Given data.
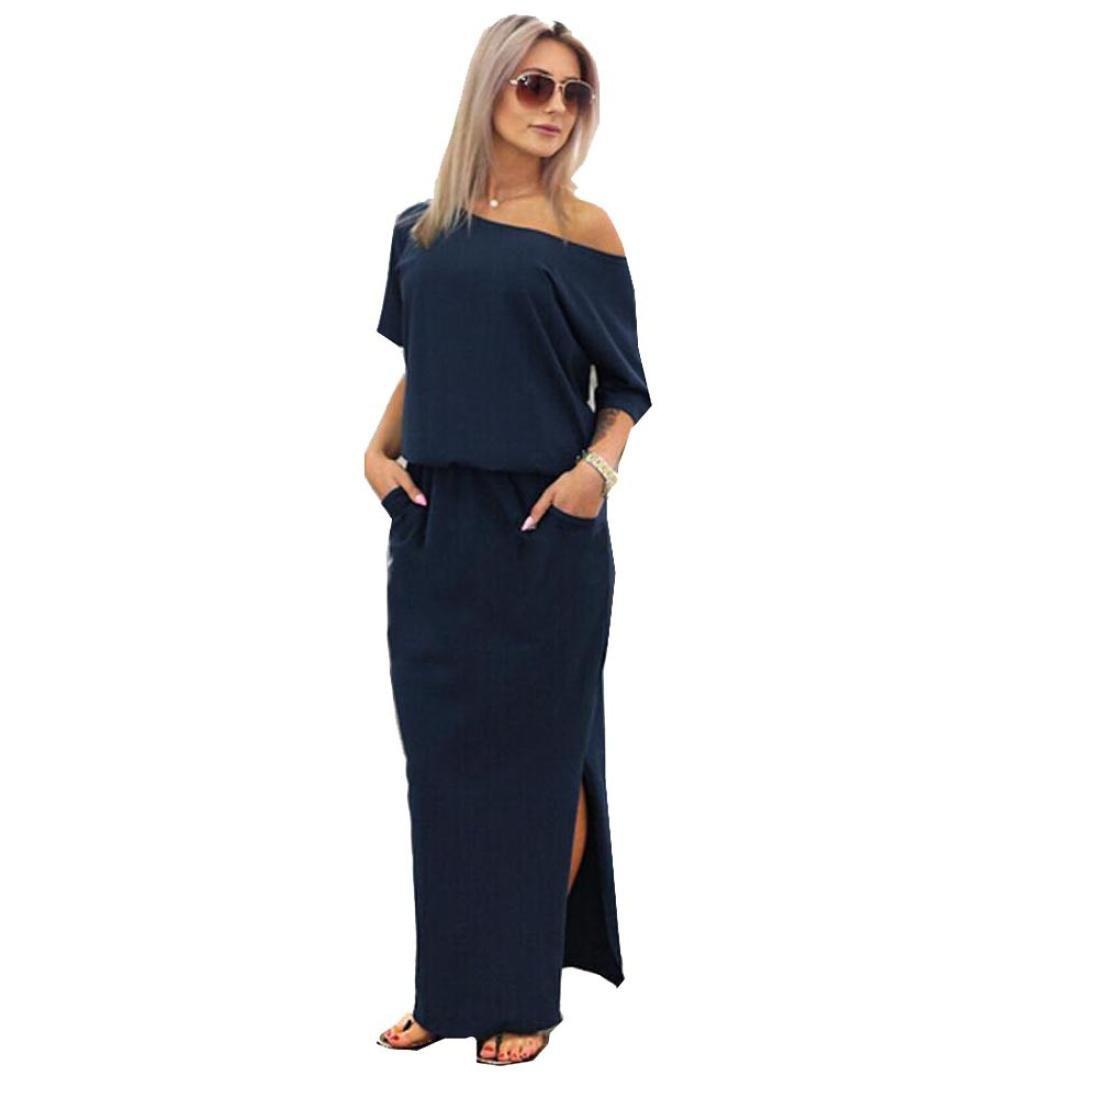 Dragon868 vestiti donna conTasca elegante lunghi larghi taglie forti xl sera estate mare regalo (Navy, S)
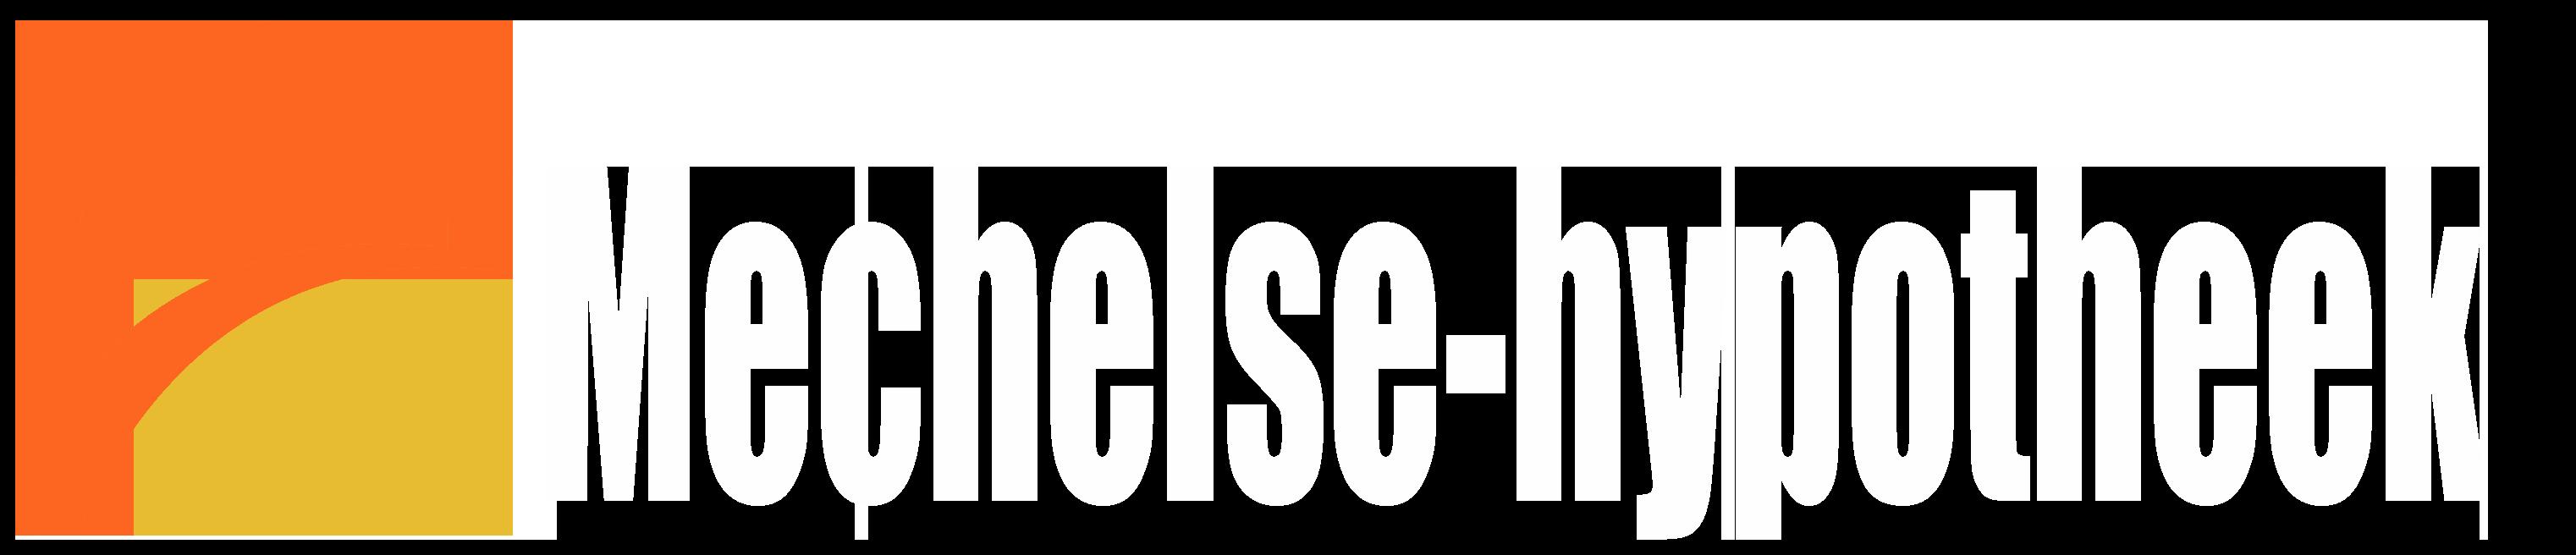 Mechelse hypotheek
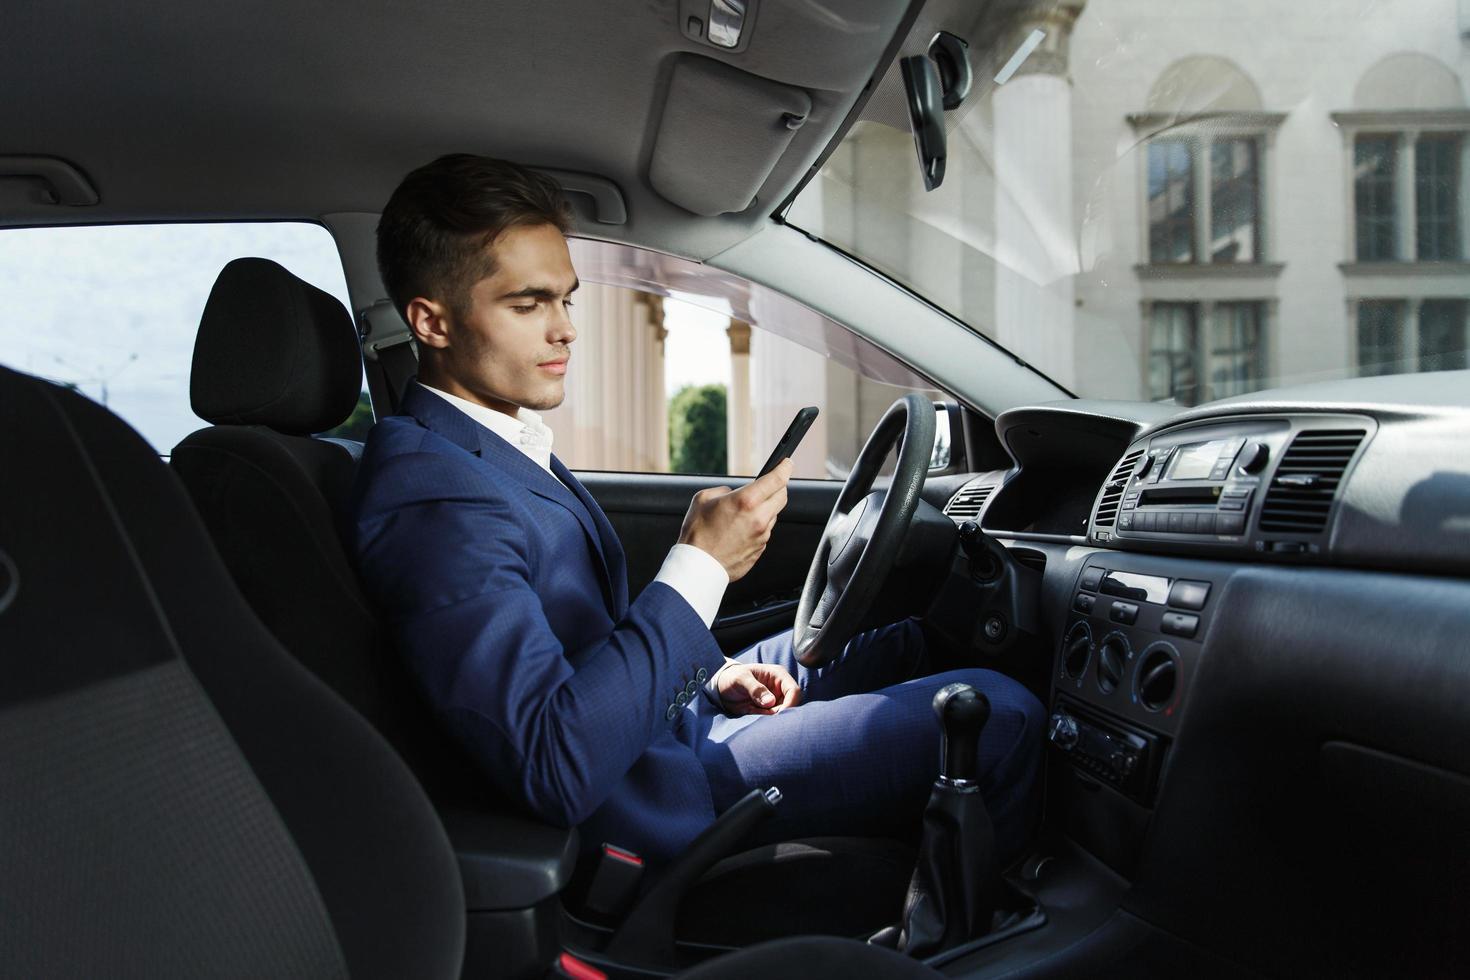 man zijn telefoon in de auto controleren foto
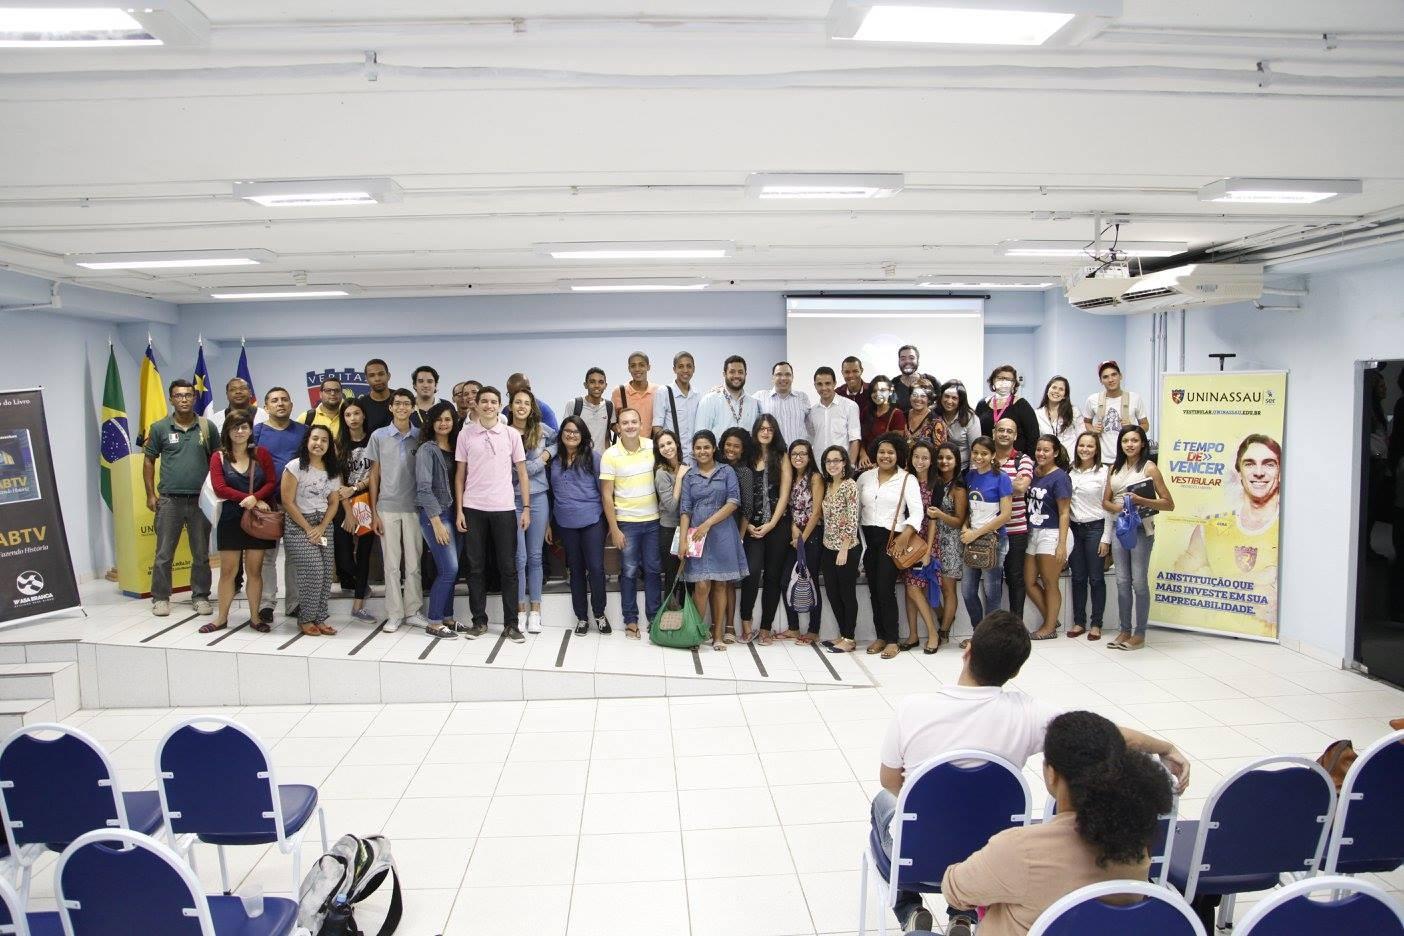 """Livro """"ABTV - Fazendo História"""" é lançado em faculdade do Recife, PE (Foto: Reprodução/ Facebook)"""
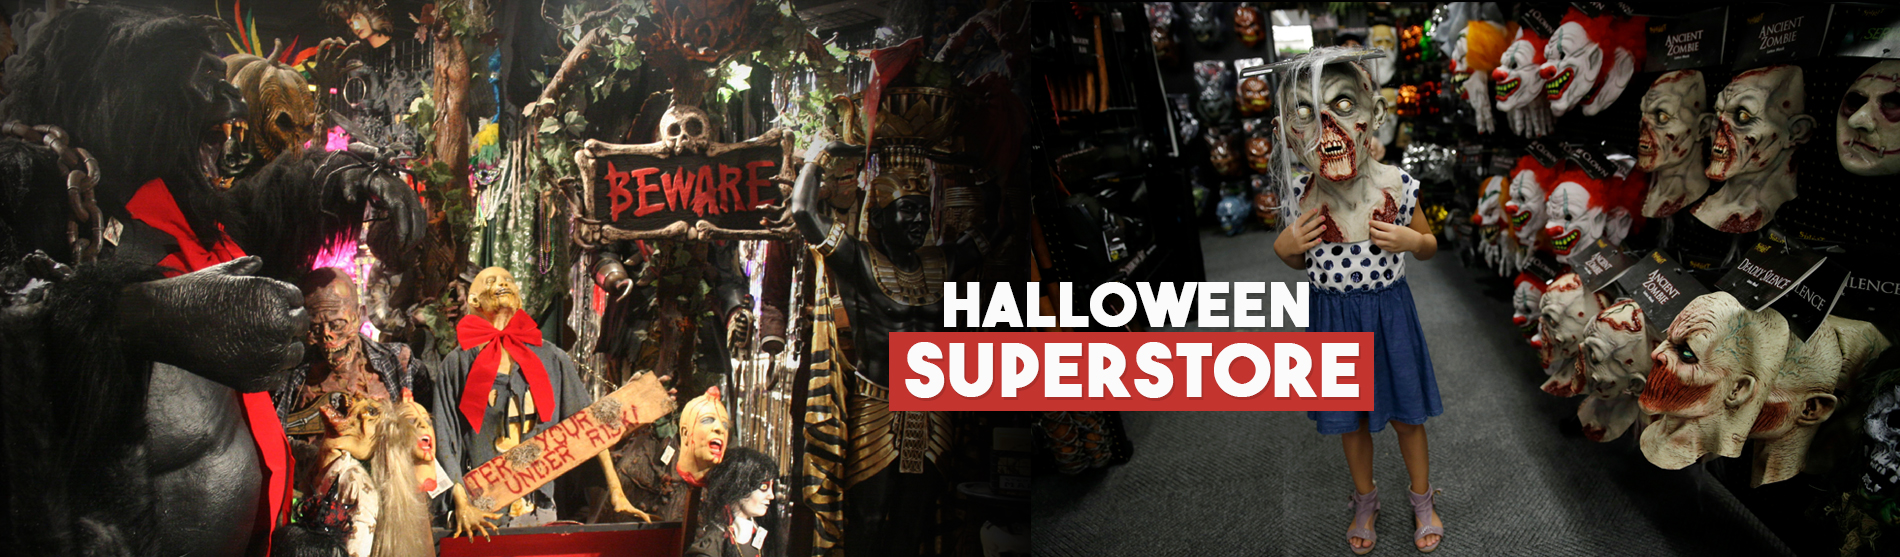 Halloween Superstore

What the task asks. Copy all the records word for word and keep the pictures out.

Your solution.
 Dragon868 vestiti donna conTasca elegante lunghi larghi taglie forti xl sera estate mare regalo (Navy, S)
 Mechelse hypotheek
 man zijn telefoon in de auto controleren foto
 """Livro """"ABTV - Fazendo História"""" é lançado em faculdade do Recife, PE (Foto: Reprodução/ Facebook)"""
 Halloween Superstore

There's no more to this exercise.